Hey team, quick one about mapping. if I have som...
# ask-community
b
Hey team, quick one about mapping. if I have some code like so:
Copy code
with Flow(
    name="horse_racing_data",
) as flow:
    dates = get_dates_task(days_back=days_back, days_ahead=days_ahead, dt_format="%d-%b-%Y")

    raw_sectional_data = apply_map(get_puntingform_sectional_dump_task, date=dates)

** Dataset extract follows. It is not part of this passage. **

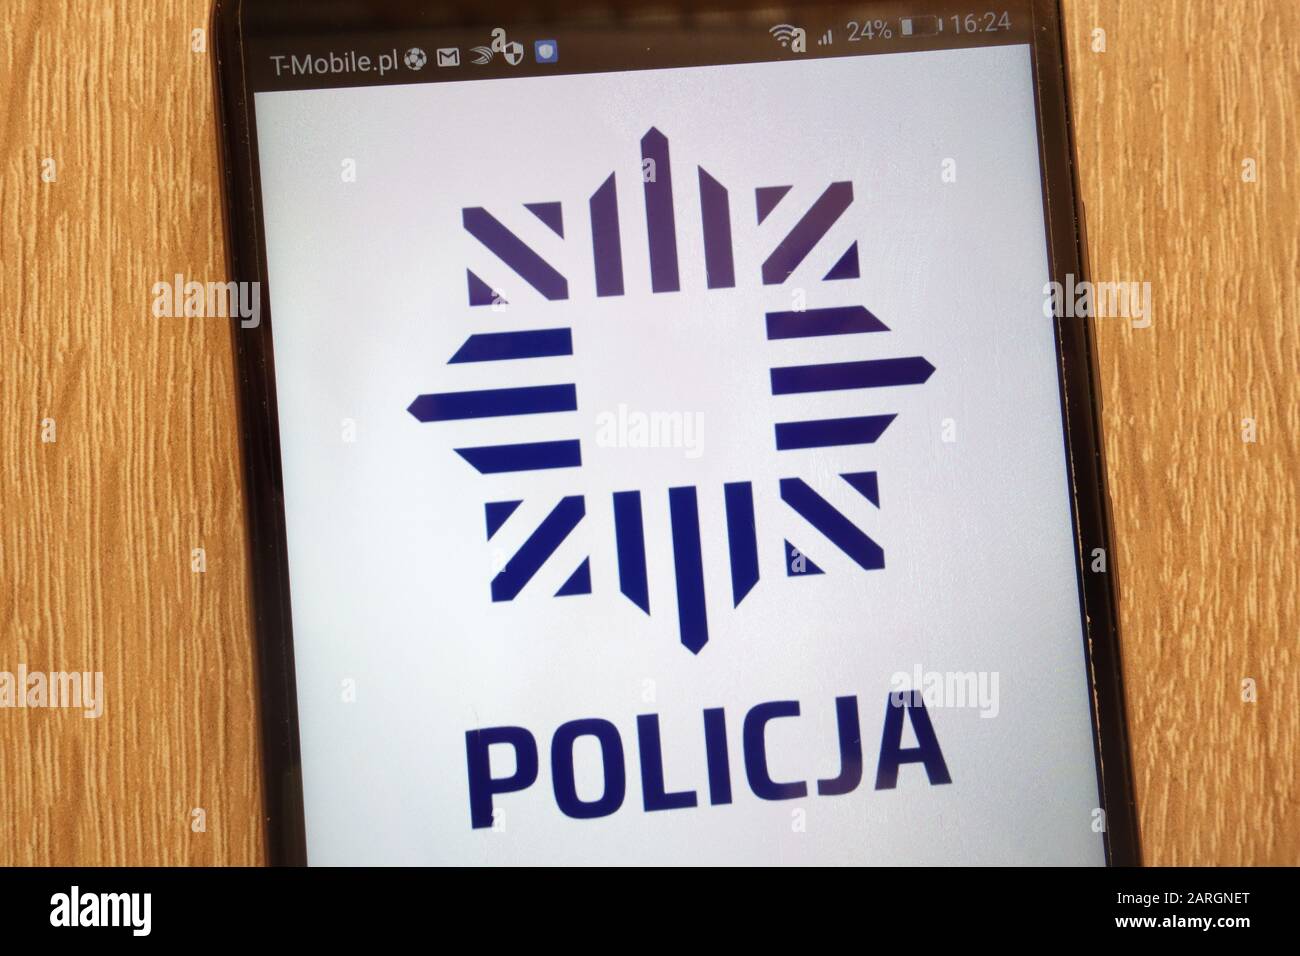 Policja (Polish police) logo displayed on a modern smartphone Stock Photo

    spell_stats_data = apply_map(
        query_db_for_df_task, path_to_sql=unmapped("sql/select_spell_count.sql")
    )
    
    enriched_pf_data = apply_map(
        calculate_runners_spell_stats_task, pf_sectional_df=raw_sectional_data, spell_data=spell_stats_data
    )
I am making multiple separate
apply_map
calls and I just wanted to make sure if I can guarantee that when calling
calculate_runners_spell_stats_task
I can guarantee the order of the returned maps? What i mean is that
raw_sectional_data
and
spell_stats_data
are iterables and as they are provided to the function it is important that they maintain the same order. Am I all good here?
k
Why are you using
apply_map
over map? Seems like you only have one task per apply map? I think that order is guaranteed though. Order for mapped task is guaranteed and I went over the code and all it does is unpack the
apply_map
and make a flow for it. Just note that the lengths should be equal per these comments
b
haha I thought apply_map is map, what is the difference ? I think someone pointed me to apply_map on this channel before
and yep, lengths are the same
k
Apply map is for a complex sequence of tasks. In the example, the
inc_or_negate
is not a task. It’s a function that uses tasks.
b
ah, right, so are there performance benefits in changing to map?
k
Simplifies the code I think. I think performance difference will be minimal, but yes it is redundant.
I think you want something like the iterated mapping example
b
hmm, kind of
I just tested it out and the order is definitely not maintainted
the order appears to depend on the time taken for each task to complete
might need to implement an intermediate task that combines the outputs and reorders them
in saying that, when the mapped outputs are dataframes, this becomes quite complicated. Surely I am not the only person to run into this issue
k
For apply_map or map? Could you show me the code snippet?
b
give me a second, I might have missed the point of apply_map and it actually solves my issue
k
Cuz consecutive mapped tasks are compressed and executed together, which is what guarantees the order (on Dask)